Recordou-se de que havia poucas pessoas no cemitério. “Eu perdi 15 anos da minha vida que não posso recuperar porque estava na prisão e não quero estar sob outra lápide que ninguém vai visitar“, disse ele.
“Cometi muitos erros; não quero que as pessoas olhem para a minha foto e pensem: ‘Chris era um parasita que sugou a sociedade até secá-la’. Isso foi verdade durante certo tempo, mas eu quero que alguém venha, coloque uma vírgula no fim da frase e acrescente a palavra ‘mas’”, disse ele.
“Eu quero que as pessoas sejam capazes de dizer que agora meus filhos têm um grande trabalho, estão livres de encrencas… porque Chris teve tempo para conversar com eles. Quero ter um pedaço de mim vivendo através deles”, argumentou Claudio.
Ajudar os jovens
Há dois anos e meio, Christian fundou a “Throggs Neck – La Famiglia, uma organização sem fins lucrativos destinada a auxiliar jovens com problemas. Agora, ele gasta seu tempo livre fazendo apresentações em eventos da comunidade, escolas e prisões, e também passa algum tempo convivendo cara a cara com membros de gangues. Ele contou sua história para milhares de crianças e centenas de membros de gangues e conseguiu convencer muitos membros de gangues a abandoná-las.
Quando um membro de uma gangue decide abandoná-la, Claudio trabalha em estreita colaboração com a família nas providências necessárias para que eles saiam de forma segura para um novo local sem chamar a atenção.
Ele enfrenta represálias de vez em quando, mas com a experiência que obteve com as gangues, sempre consegue deixá-las em uma única vez. “O que eu estou fazendo é o que tenho que fazer agora, porque eu acho que é essa a razão pela qual eu vivi o que vivi“, disse ele.
“Alguém, em algum lugar, sabia que eu podia suportar isso tudo, sabia que eu chegaria a um ponto onde posso ser uma voz para ajudar esses jovens. Eles não ouvem os policiais, não ouvem os políticos, eles têm de ouvir alguém que esteve lá e passou por tudo isso”, disse Claudio. Seu telefone celular está disponível on-line e ele chega a receber até 10 ligações por semana de pais preocupados que procuram ajuda.
Embora a organização inicialmente esteja direcionada em ajudar os jovens de Throggs Neck, no Bronx, ela nunca recusa um pedido de ajuda. Pais que moram tão longe quanto em Middletown, New York, também ligam para ela.
Os pais do jovem ucraniano tinham parentes e amigos em Nova York, que os levavam para visitar Claudio regularmente durante a semana. Depois de um ano e meio de conversas com Claudio, além da terapia, o menino já não mostra tendências suicidas e inclusive tornou-se amigo de um dos valentões da escola.
Sua organização recebe alguns fundos privados.“É difícil obter subsídios, nunca me pagaram um salário“, disse ele. Claudio tem um trabalho extra, no qual promove eventos para restaurantes e clubes. Com seus antecedentes, é difícil ser contratado para um emprego de tempo integral.

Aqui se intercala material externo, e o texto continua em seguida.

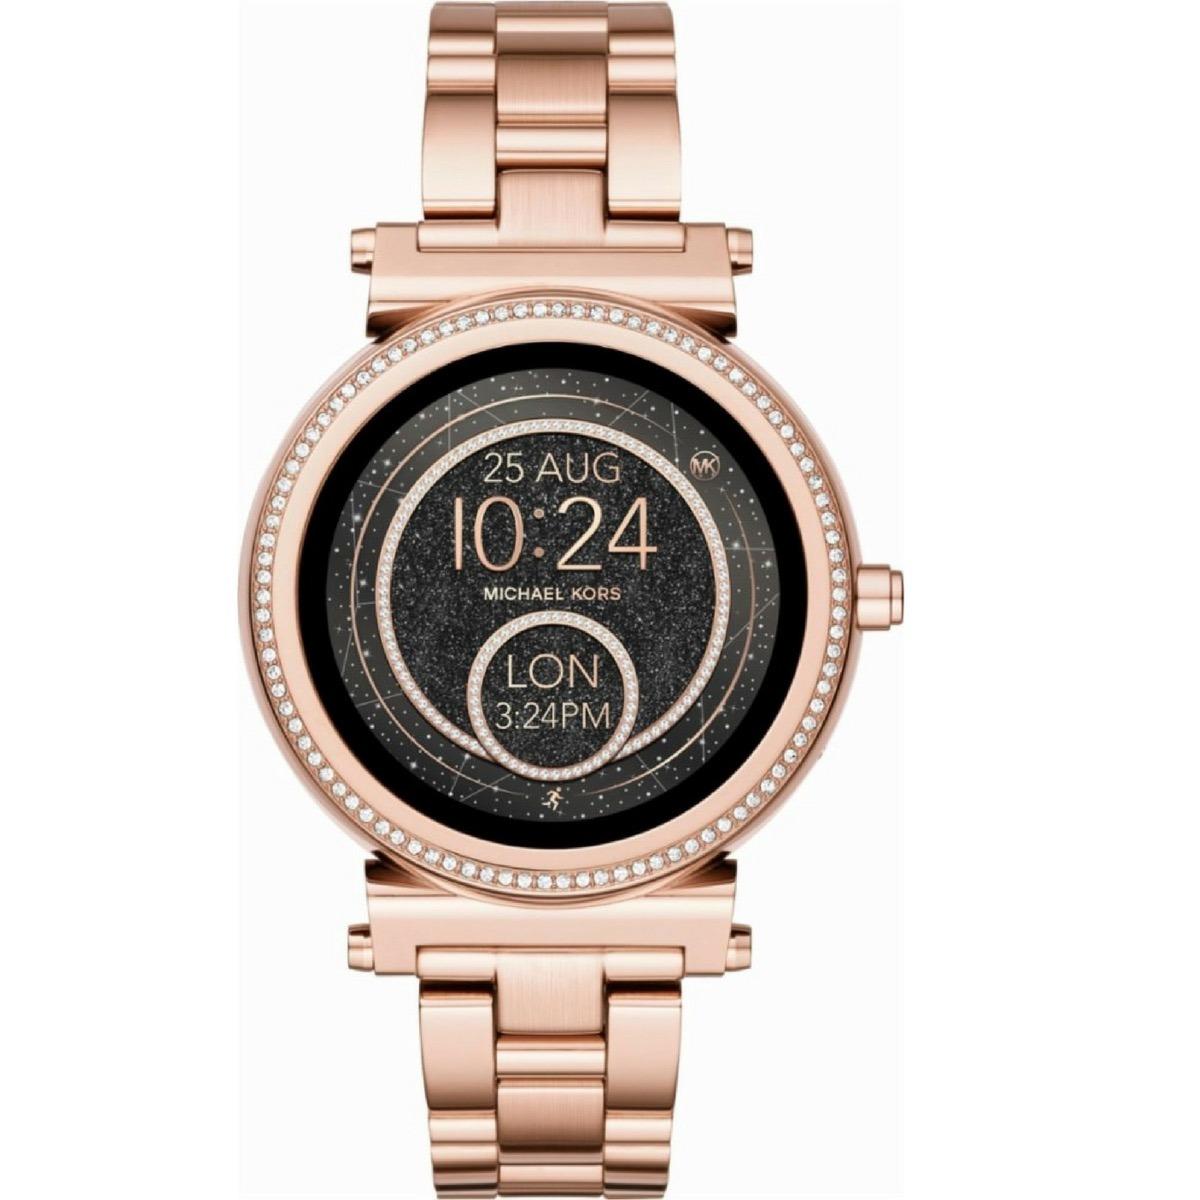 38b2da776a5c0 relógio michael kors access mkt5022 sofie nova geração. Carregando zoom.
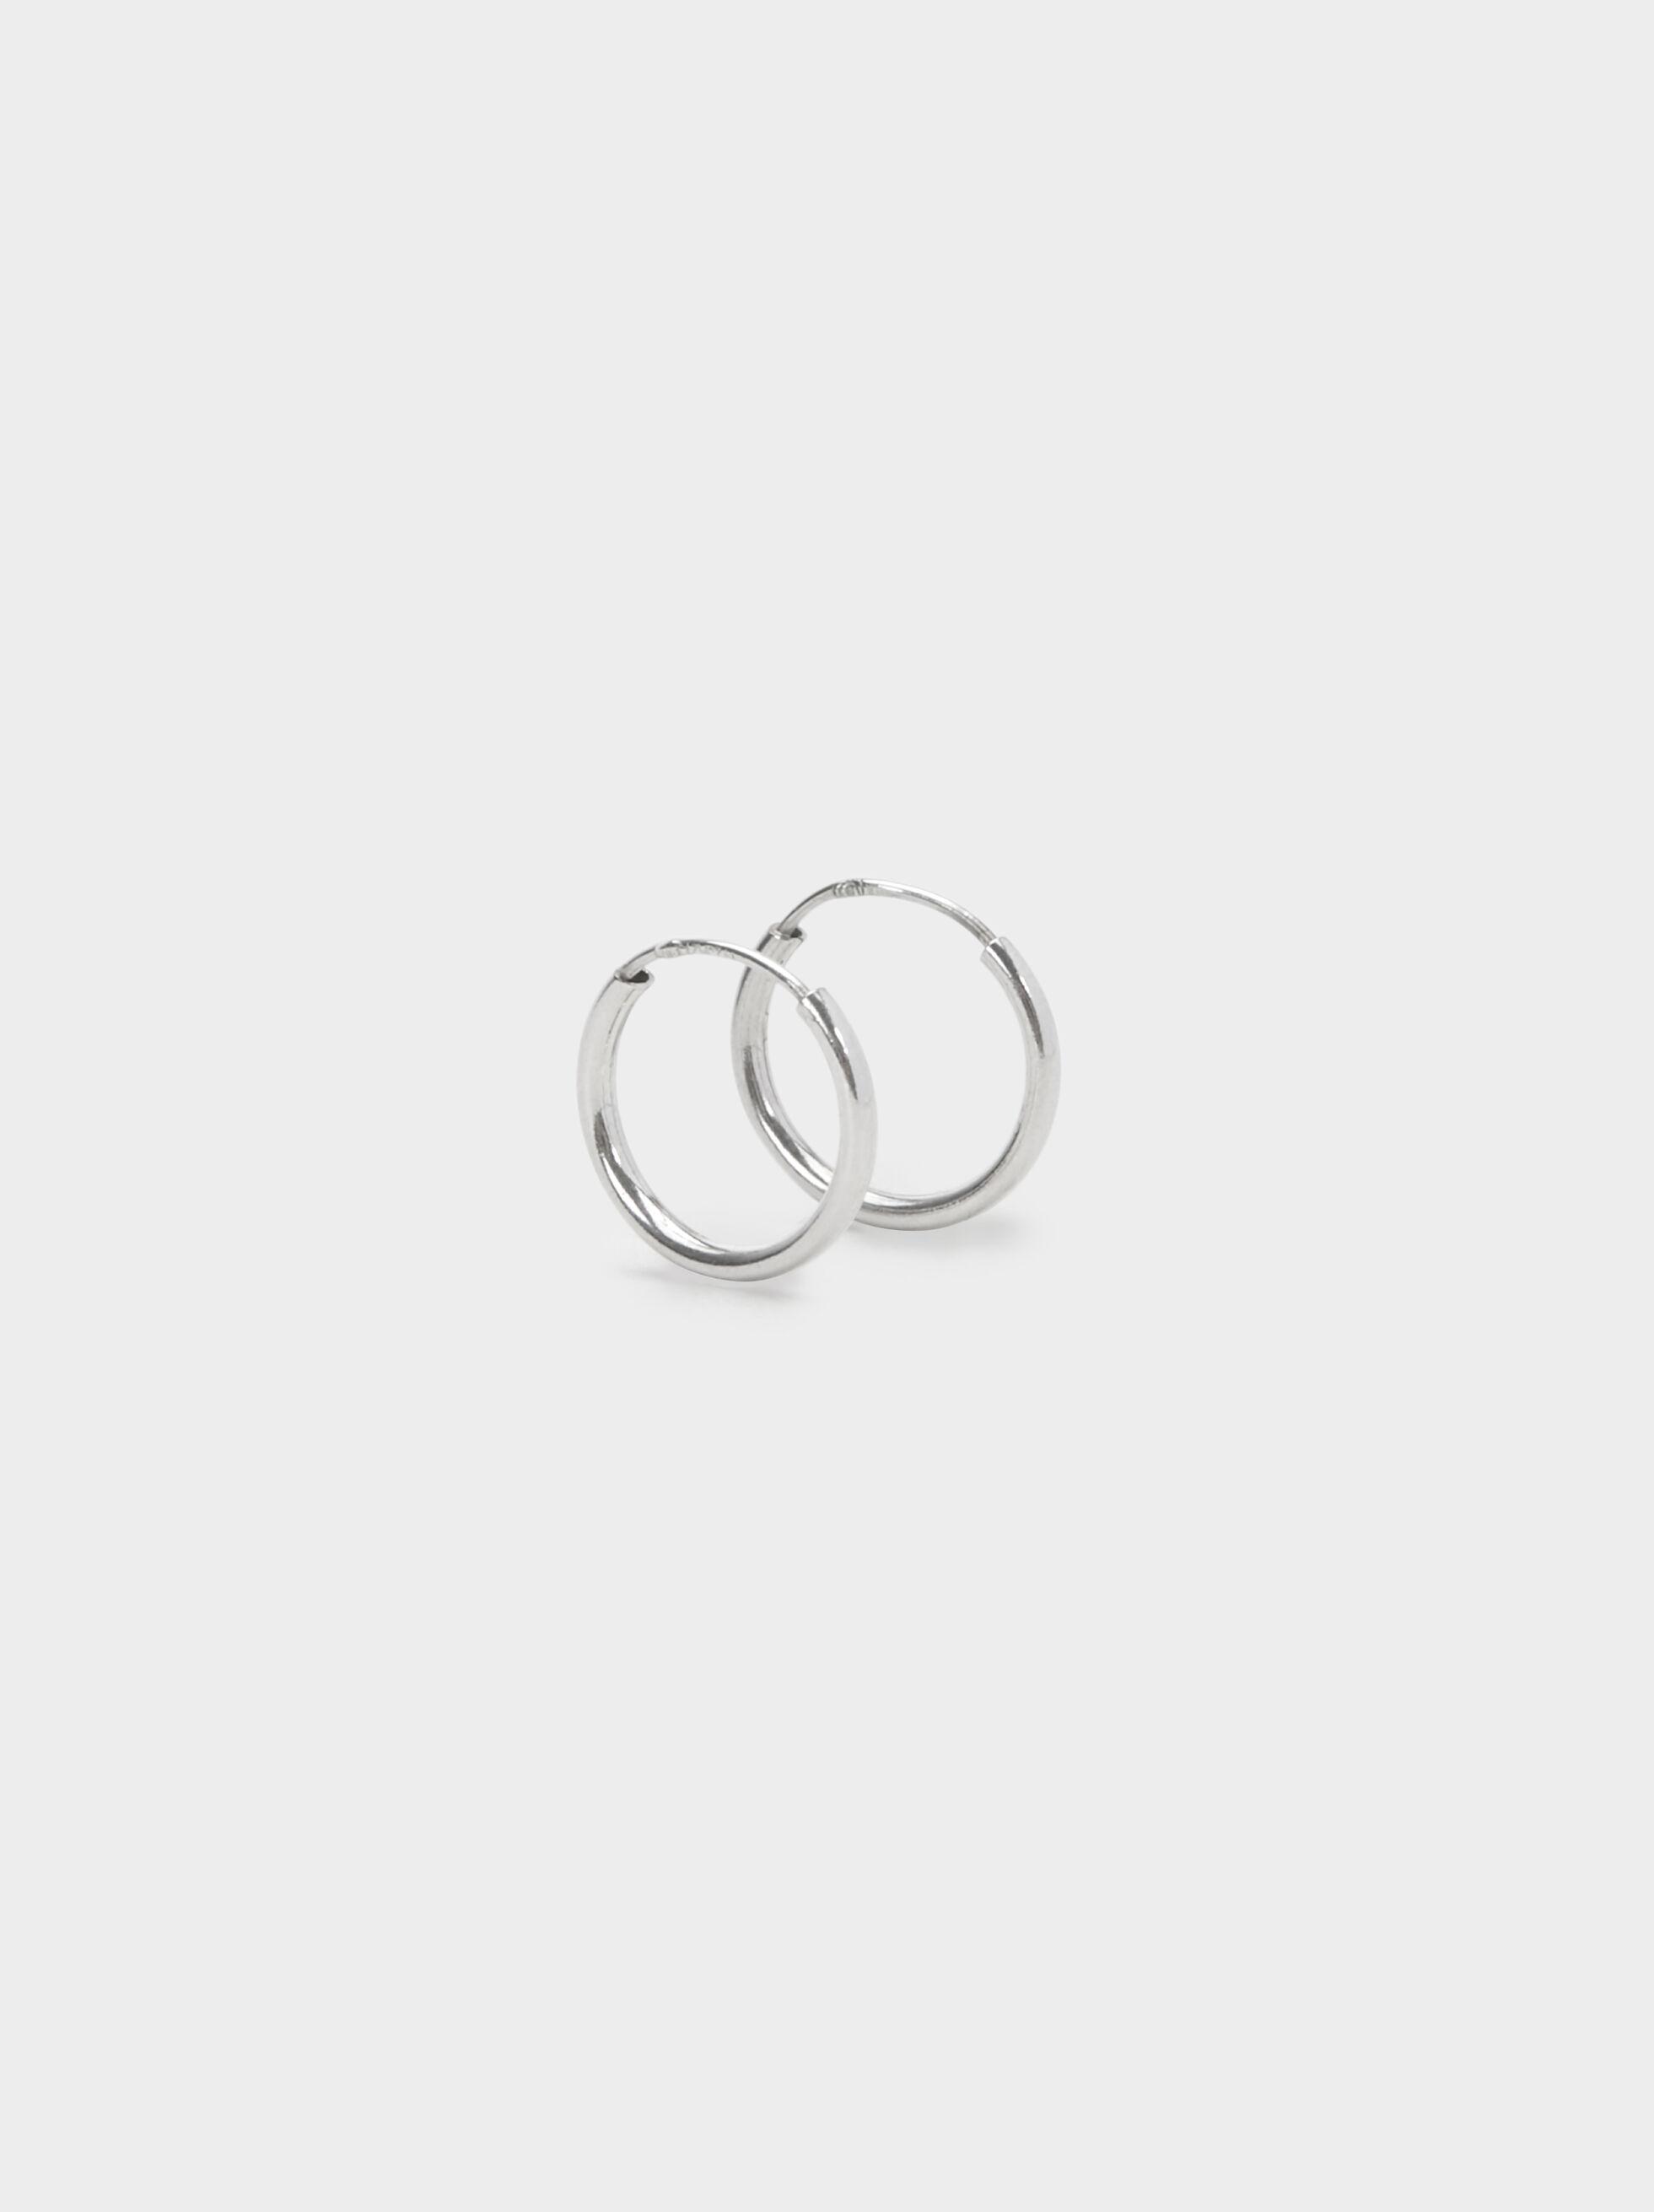 925 Sterling Silver Short Hoop-Earrings, Silver, hi-res

“Embora eu não esteja mais na prisão, ainda sofro por aquilo que eu fiz. Se eu soubesse o quanto isso iria me custar mais tarde, nunca teria puxado o gatilho“, disse ele. Mas as coisas estão mudando. No mês passado, a Associação de Investigadores de Quadrilhas de Nova York conferiu a Claudio o certificado de especialista em gangues de Nova York.
Ele ajudou a criar um grupo anti-bullying chamado “Diga não ao bullying“, que serve de guia para os pais, ensinando a identificar os sinais de alerta e corrigindo os equívocos sobre gangues e o bullying. O grupo tem uma “política de linha aberta” com os jovens para os quais serve de mentor. Claudio mantém seu celular ligado até pelo menos as 04h00 todas as noites, no caso de haver um menino solitário com problemas precisando de alguém para conversar.